Algorithms for integration of the algebraic functions implemented in modern computer algebra systems (CAS) are not always able to solve the classical problems of integration in the class of algebraic or elementary functions. The most general approach to describing the integral of an algebraic function is to find a standard representation for Abelian integrals, which, on the one hand, would not be too cumbersome, and on the other hand, would allow us to immediately answer a number of questions about the integral. For such a representation, we propose to use the representation of the Abelian integral by a linear combination of integrals of three kinds presented in the Lectures of Weierstrass.

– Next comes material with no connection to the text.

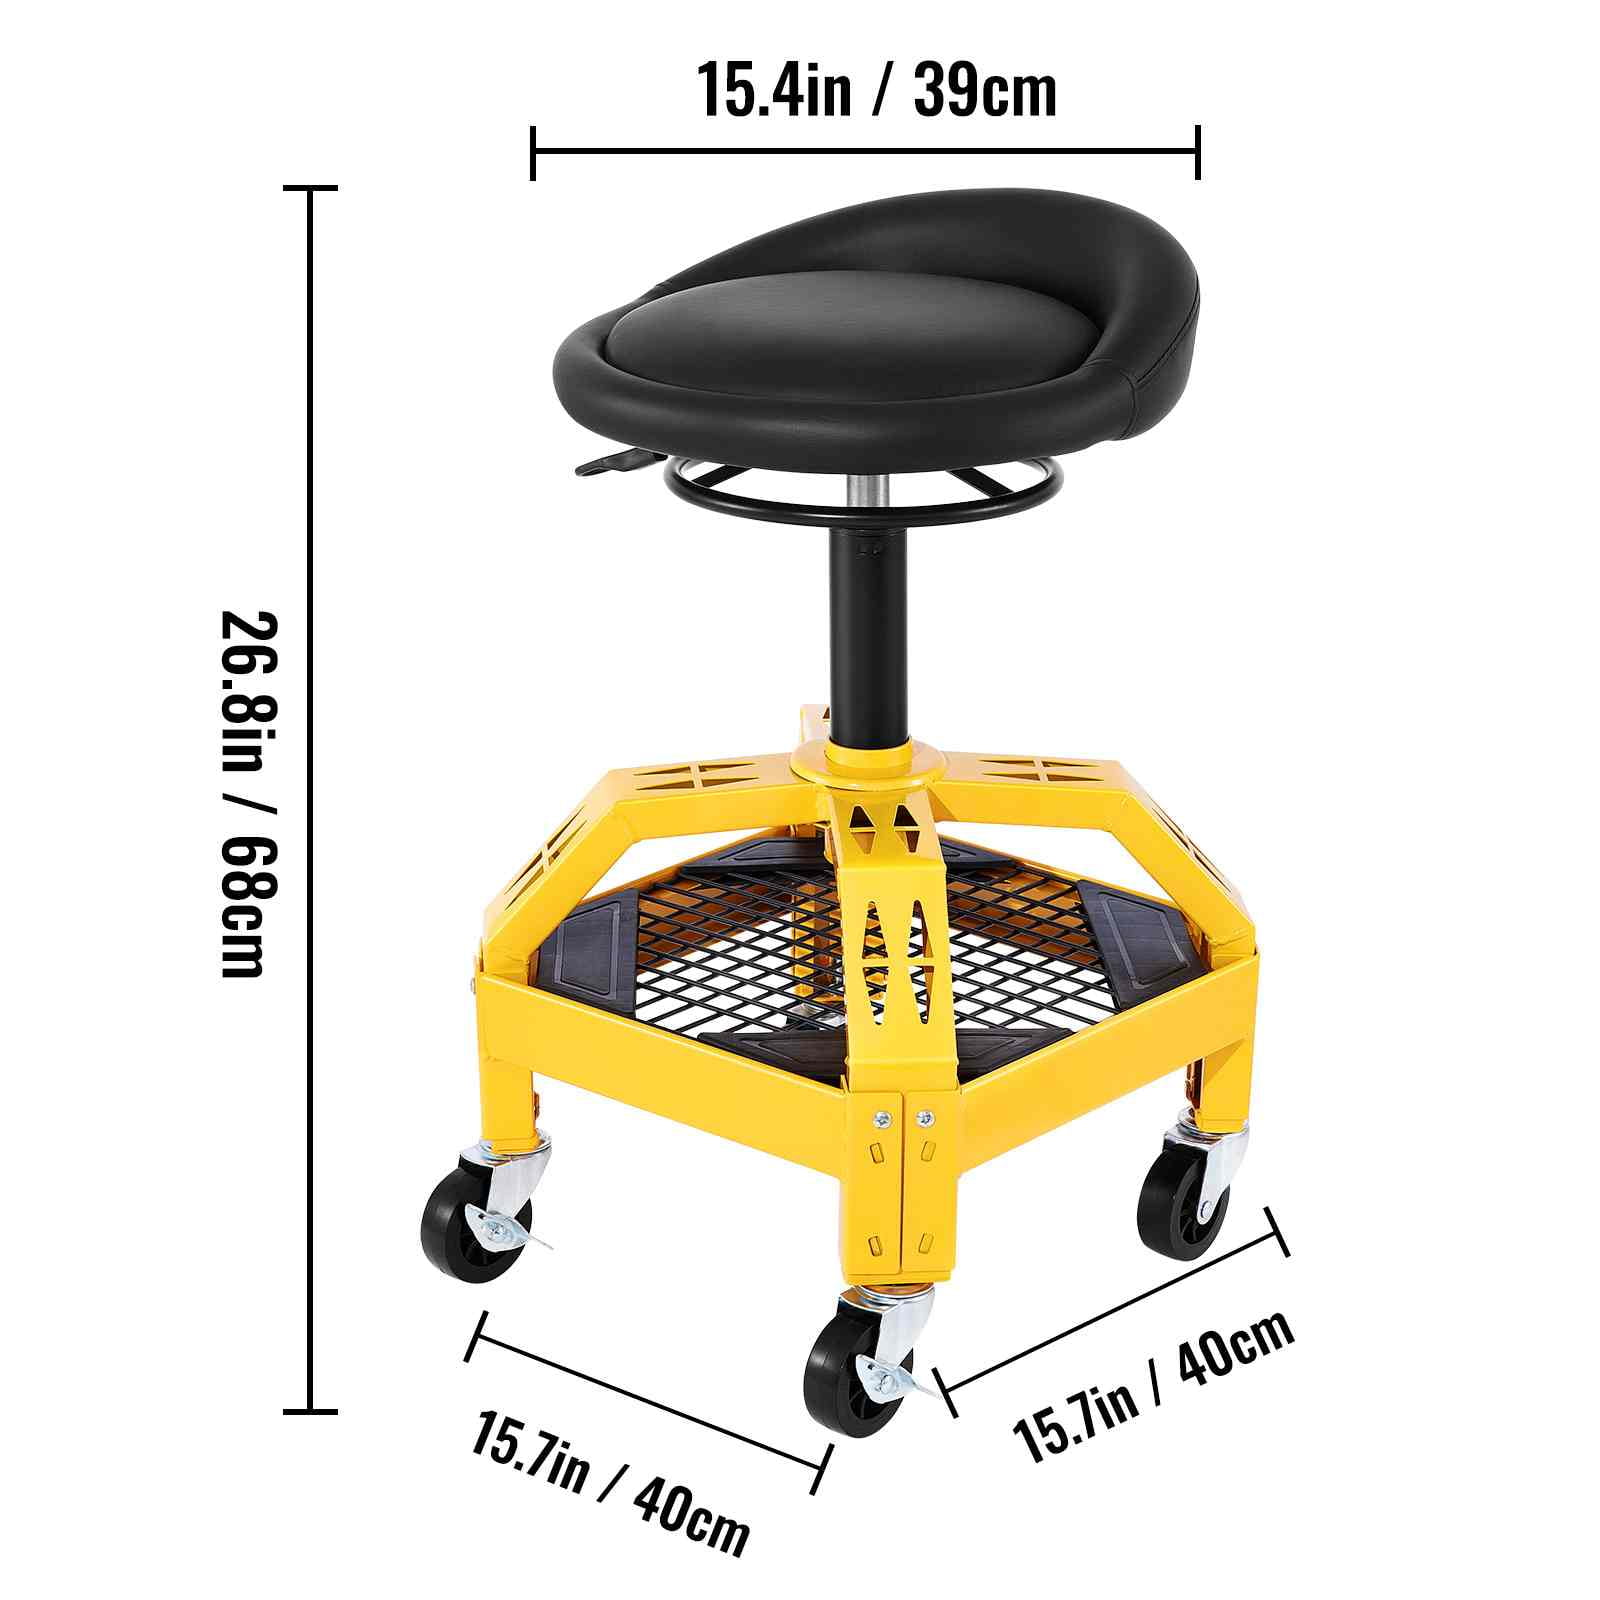 Heavy Duty Shop Rolling stools for Work Bench, Adjustable Height Rolling  Stool Medical On 5 Wheels,304 Stainless Steel Structure lab Office Stool

In this paper, it is proved that this representation can be used to solve the classical problems of symbolic integration of algebraic functions, that is, to decide whether such a given integral can be expressed in terms of algebraic or elementary functions. In cases when the integral can be expressed in elementary functions, an explicit expression for the antiderivative is obtained, otherwise the integration is reduced to the calculation the integrals whose properties are known.

在现代计算机代数系统（CAS）中实现的代数函数积分算法并不总是能够解决代数或基本函数类别中的经典积分问题。描述代数函数积分的最通用方法是找到Abelian积分的标准表示形式，一方面，它不会太麻烦；另一方面，它使我们可以立即回答许多有关积分的问题。对于这种表示，我们建议通过Weierstrass讲座中介绍的三种积分的线性组合来使用Abelian积分的表示。

在本文中，证明了这种表示可用于解决代数函数符号积分的经典问题，即，决定这种给定的积分可以用代数函数还是基本函数表示。在积分可以用基本函数表示的情况下，将获得反导数的显式表达式，否则将积分简化为计算其属性已知的积分。